Category: Mathematics

Page: 488

View: 2811

This volume contains the Proceedings of the NATO Advanced Study Institute on "Orthogonal Polynomials and Their Applications" held at The Ohio State University in Columbus, Ohio, U.S.A. between May 22,1989 and June 3,1989. The Advanced Study Institute primarily concentrated on those aspects of the theory and practice of orthogonal polynomials which surfaced in the past decade when the theory of orthogonal polynomials started to experience an unparalleled growth. This progress started with Richard Askey's Regional Confer ence Lectures on "Orthogonal Polynomials and Special Functions" in 1975, and subsequent discoveries led to a substantial revaluation of one's perceptions as to the nature of orthogonal polynomials and their applicability.

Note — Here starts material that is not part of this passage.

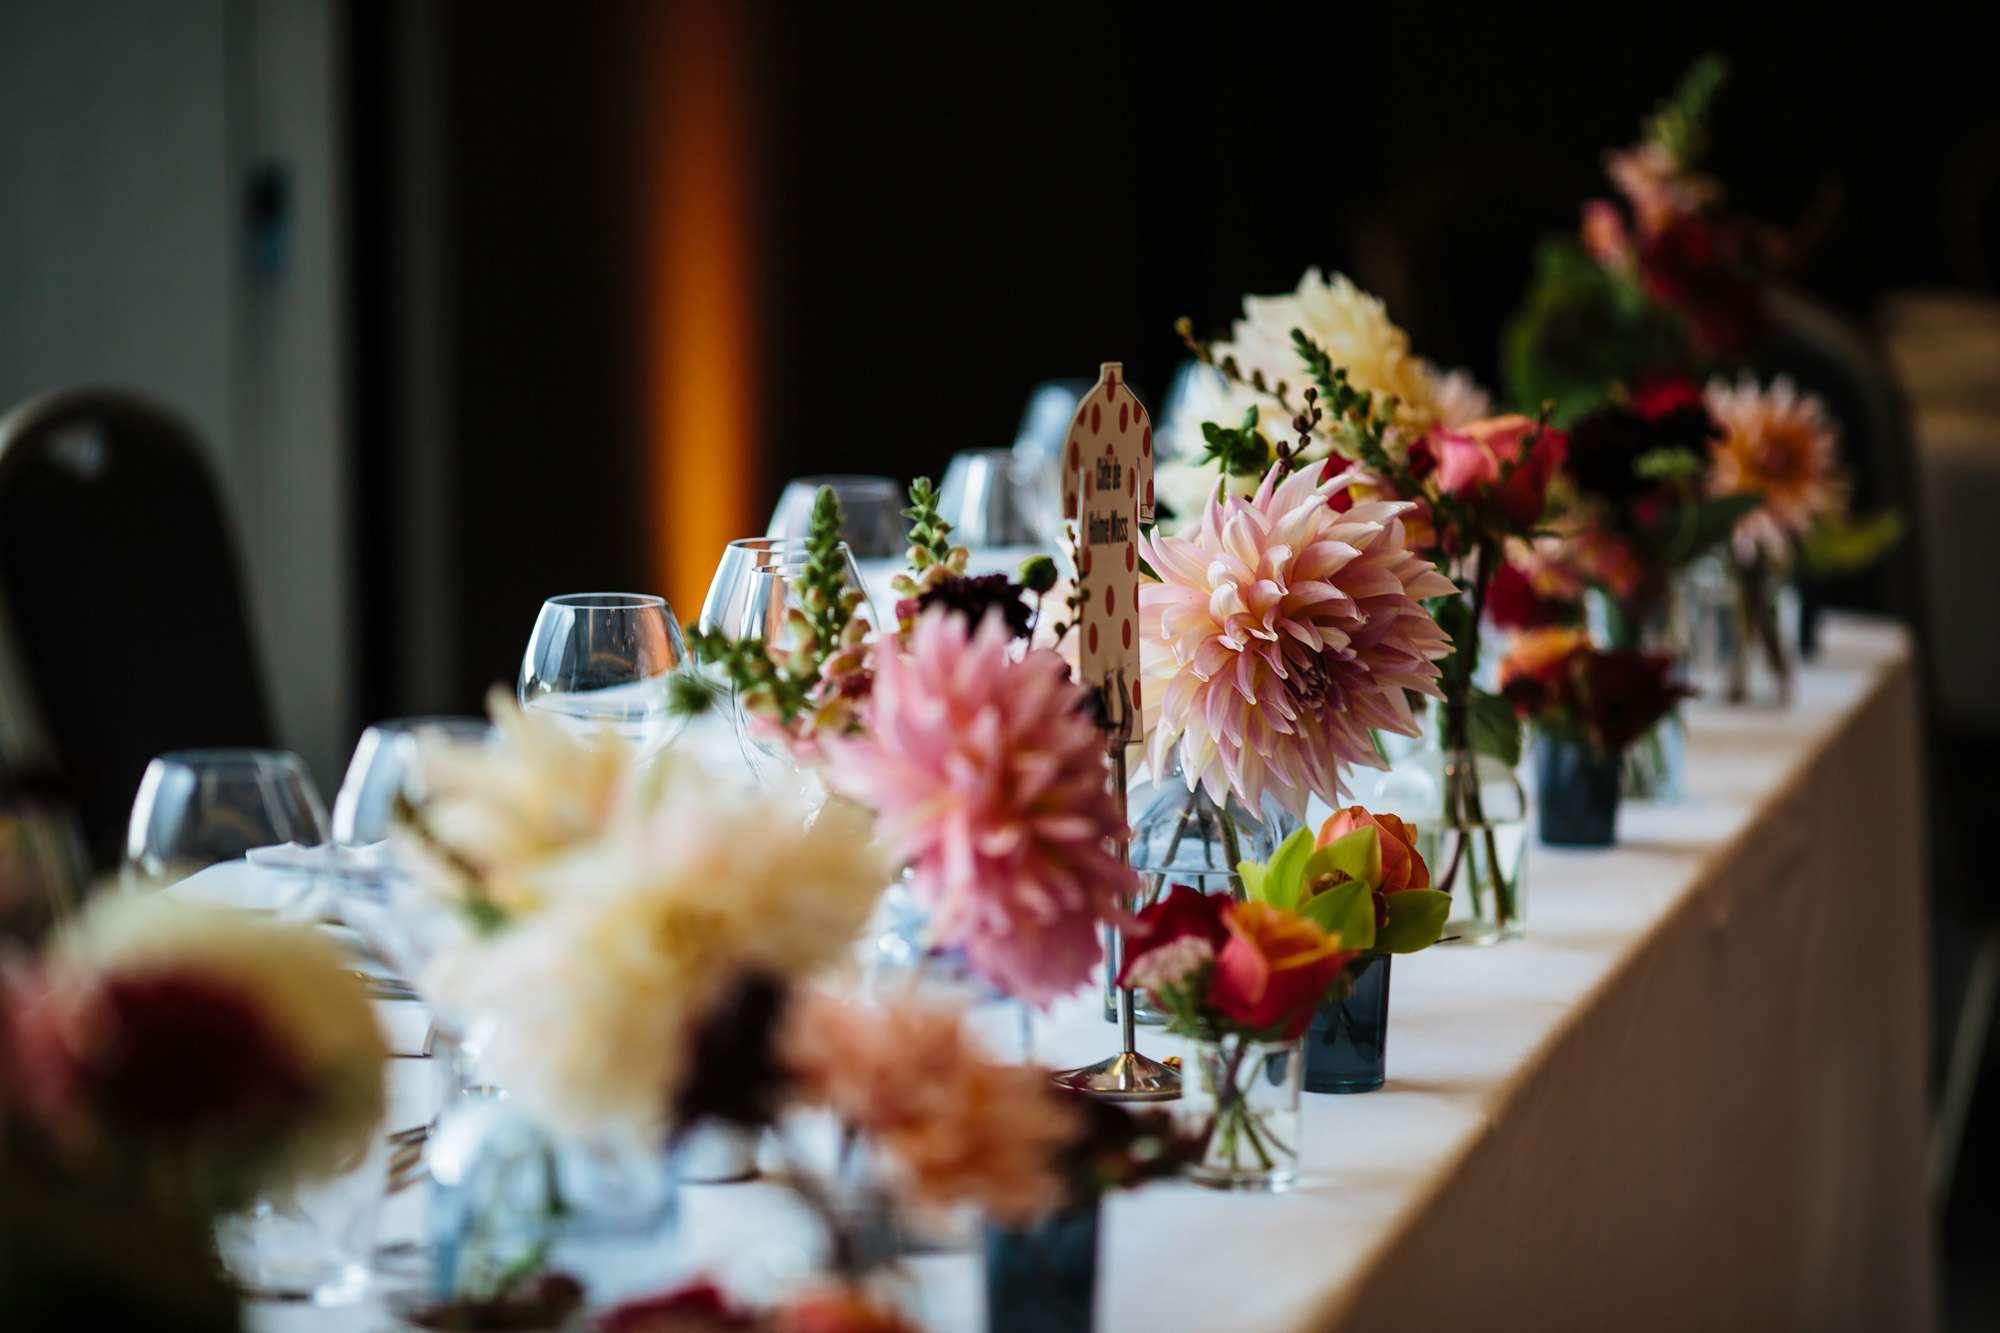 Table flowers at Hepworth Art Gallery wedding

The recent popularity of orthogonal polynomials is only partially due to Louis de Branges's solution of the Bieberbach conjecture which uses an inequality of Askey and Gasper on Jacobi polynomials. The main reason lies in their wide applicability in areas such as Pade approximations, continued fractions, Tauberian theorems, numerical analysis, probability theory, mathematical statistics, scattering theory, nuclear physics, solid state physics, digital signal processing, electrical engineering, theoretical chemistry and so forth. This was emphasized and convincingly demonstrated during the presentations by both the principal speakers and the invited special lecturers. The main subjects of our Advanced Study Institute included complex orthogonal polynomials, signal processing, the recursion method, combinatorial interpretations of orthogonal polynomials, computational problems, potential theory, Pade approximations, Julia sets, special functions, quantum groups, weighted approximations, orthogonal polynomials associated with root systems, matrix orthogonal polynomials, operator theory and group representations.